Currency traders are continuing to pull their bullish US dollar bets, mirroring the recent price action in the greenback.
According to figures from the US Commodity Futures Trading Commission (CFTC) on Friday, net long speculative positioning in the US dollar fell to the lowest levels in a year last week, coinciding with a raft of hawkish headlines from other major central banks along with continued weakness in US economic data.
“Leveraged funds remained net USD sellers, reducing their net USD longs by $US2 billion to $US4.7 billion, the lowest since June 2016,” said Irene Cheung and Rini Sen, strategists at ANZ Bank.
Net speculative positioning is simply the sum of long and short options and futures positions in a particular currency reported by the CFTC in its weekly Commitment of Traders report, released each Friday.
When net positioning is short, it suggests the market is looking for price weakness. Long positioning indicates that the opposite outcome is expected.
To determine speculative positioning, ANZ uses noncommercial positions reported by the CFTC as they “seek to profit from movements in the asset price as opposed to hedging business activities”.

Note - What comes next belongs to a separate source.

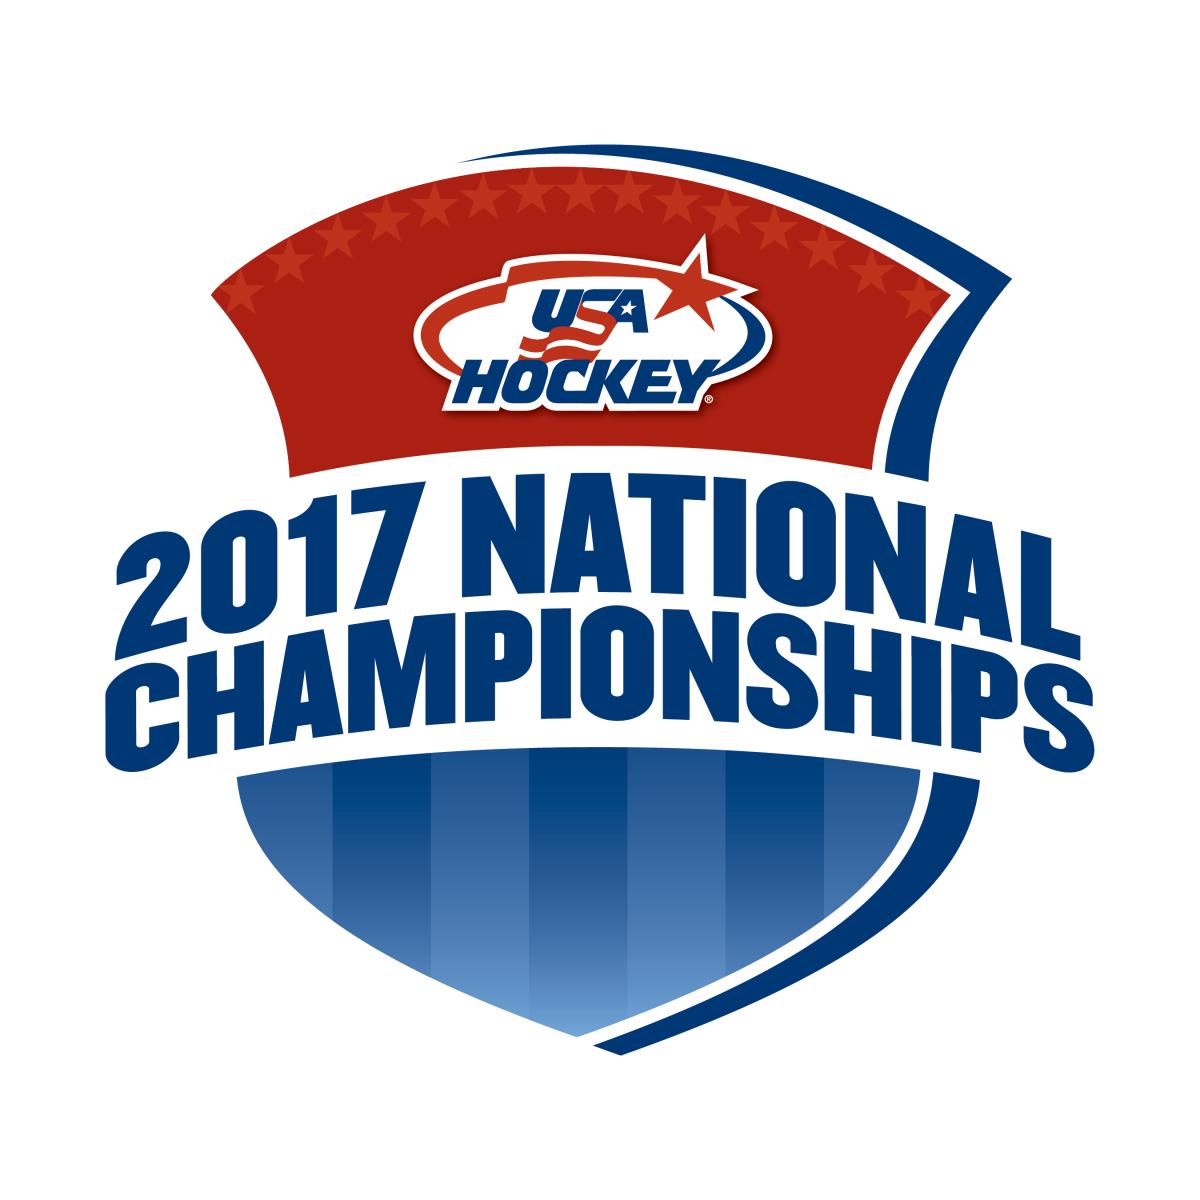 2017 National Championship
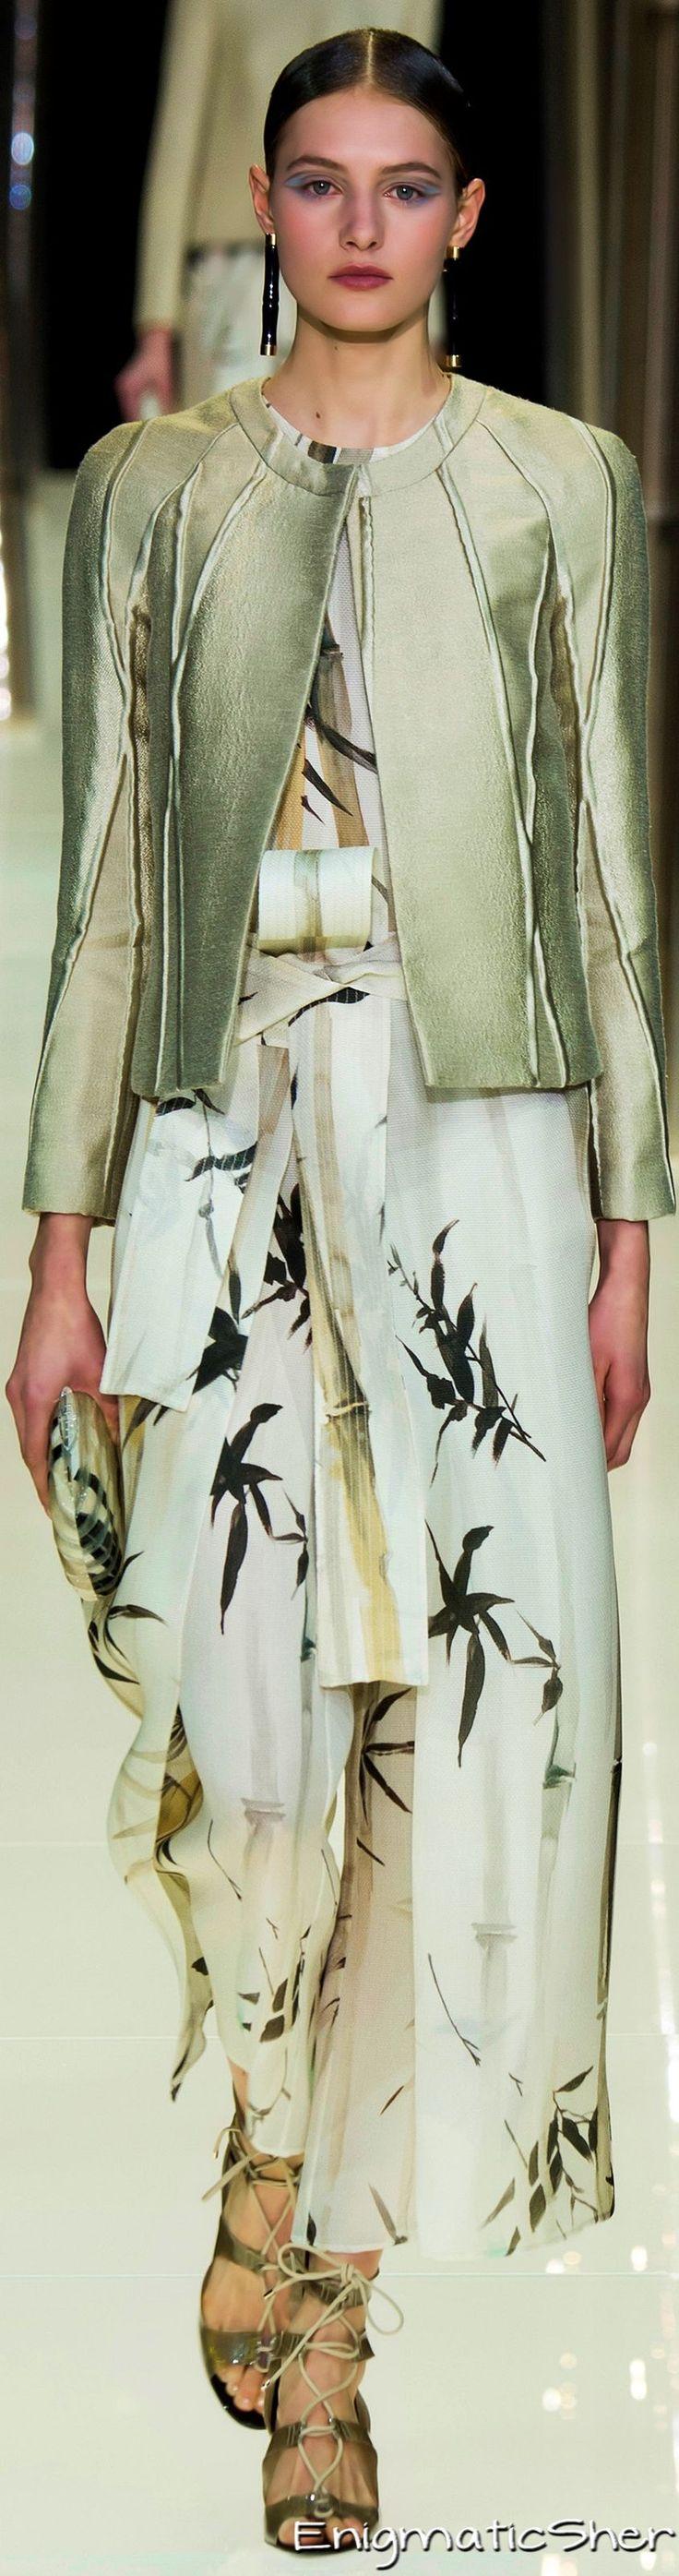 Giorgio Armani Privé Haute Couture Spring Summer 2015 women fashion outfit clothing style apparel @roressclothes closet ideas

Cheung and Sen said that the US dollar selling was most pronounced against the Canadian dollar and euro following hawkish rhetoric from the Bank of Canada and European Central Bank.
“Dollar selling was the highest against the CAD on the back of a hawkish Bank of Canada,” the pair said, adding that “funds turned bullish on the EUR after ECB president Mario Draghi signalled a possible reduction in monetary stimulus going forward”.
Funds reduced their net CAD shorts by $US2.3 billion to $US3.2 billion, while net short positioning in the euro fell by $US1 billion to $US1.5 billion.
Buying in the Canadian dollar also helped to spur renewed demand for commodity currencies such as the Australian and New Zealand dollars with net long positioning in each increasing by $US600 million and $US300 million respectively.
While traders sold the US dollar against the euro and commodity currencies, it found support against the Japanese yen and UK pound over the same period.
However, that wasn’t enough to stop net long positioning in the greenback falling to a one-year low.
The “Trump bump”, as it has become known, has now been reversed and then some.
And if the recent price action in the US dollar is anything to go by, US dollar long positioning may have been reduced further in recent days.
“Weak price action of the USD after the cut-off date suggests a further reduction in net USD longs, with the main exception of USD/JPY,” say Cheung and Sen.
The CFTC figures captured positioning on Tuesday, June 27.
The pair say that strong gains in the EUR and UK pound, in particular, point to a further paring back of short positions in the latter parts of last week.
Last Friday, the US dollar index fell to as low as 95.47, leaving it at the lowest level since October 3 last year.